Windows and Surface fans have plenty of reasons to celebrate, but the engagement between those divisions and its users seems virtually non-existent when you compare them to what Microsoft is doing with Xbox.
Build is for devs, tho
During the Windows Phone era, Microsoft started treating Build a little differently than they had in the past, and even now. Build has always been a developer conference, where Microsoft's corporate partners and independent devs can learn, network, and ultimately grow. And for that, Build remains awesome. However, a few years ago, it felt like Build had become a celebration of all things Microsoft. We've seen Phil Spencer on stage at Build, demonstrating UWP features for game developers. We've seen insane HoloLens demonstrations, new features for Windows, whether it's on PCs, tablets, or phones (rest its soul).
We still get elements of that, but the surprises and excitement just isn't there anymore, and Build 2018 (and other recent years) firmly demonstrated that Microsoft wants to focus entirely on developmental software and strategies, featuring lengthy live code demonstrations with gratuitous use of the latest corporate tech world buzzwords. Which, of course, is fine, but I lament a time when the Microsoft ecosystem felt like a cohesive entity pulling together, delighting consumers and customers as well as devs.
Microsoft's Surface hardware announcements are scattered throughout the year, shown off to small amounts of press, live streamed if we're lucky. Surface marketing is very slick, but often low-key. Ultimately it serves a different market than Xbox, which is gunning for 2 billion gamers. Surface is a very niche product best used by a subset of people who might want all of its unique features in a single, pricy package. There are rumors that Microsoft is looking to bring more accessible, cheaper Surface devices in the future though, and its long-rumored Andromeda folding pocket table is sure to turn heads if it ever actually makes it to market.
Windows as a platform also has its hardcore fans, albeit diminished after Microsoft's very off-handed, anti-community handling of the death of Windows 10 Mobile. The way Microsoft let Windows 10 Mobile slide into obscurity while ignoring fan questions and feedback on the topic for years has created a bitterness that I think Redmond will carry with it to the announcement of Andromeda. And sure, while the core fanbase of Windows is very small, it needn't be.

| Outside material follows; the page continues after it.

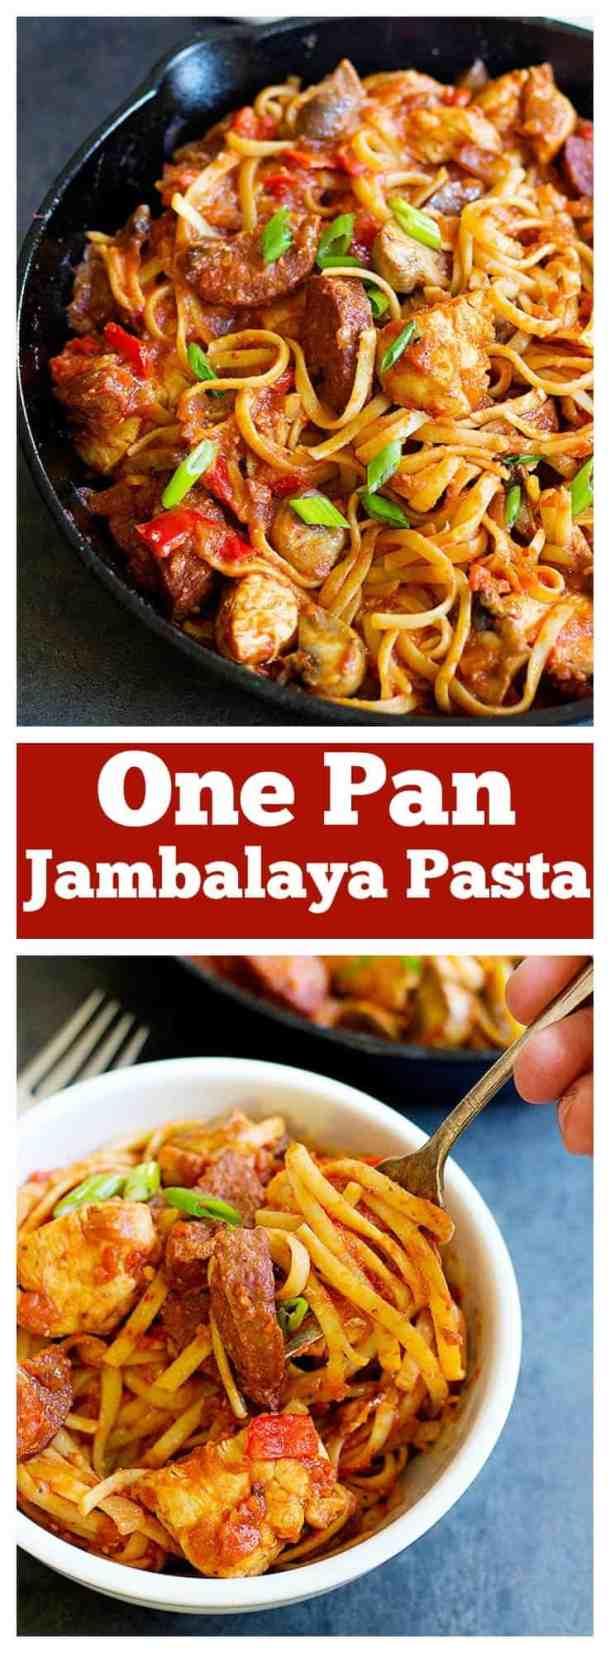 jambalaya pasta   jambalaya pasta recipe   jambalaya pasta Cajun   jambalaya pasta creamy   Cajun Jambalaya Pasta   Cajun Pasta  unicornsinthekitchen.com

Where's the fire, Microsoft?
Xbox has shown that it can galvanize, celebrate, and delight its fans with its E3 2018 showcase. Giving us a glimpse at a roadmap that extends years, not months, while impressing the huge amount of investment Microsoft is putting into the division to rectify key feedback points. Xbox's social presence is huge, with many execs frequently talking to fans directly on Twitter, being frank and honest, addressing questions directly.
Meanwhile, Surface and Windows' social presence feels limited and stand-offish by comparison. There are no annual shows for Surface or Windows that are consumer-centric, and Microsoft has this tendency to aggressively hide its roadmap for Windows, emitting virtual radio silence while apps and services are neglected, often on the road to outright cancelation.
As a fan of the Microsoft ecosystem, I wish I could have the same confidence about Windows, the Microsoft Store, Skype, Surface, and various other products that I do for Xbox. I love Windows 10, and I love my Surface Book 2, but the gulf in communication between Xbox and those other divisions is massive. Maybe the audience just isn't there, but I suspect the audience isn't there because Microsoft doesn't want to try and find it.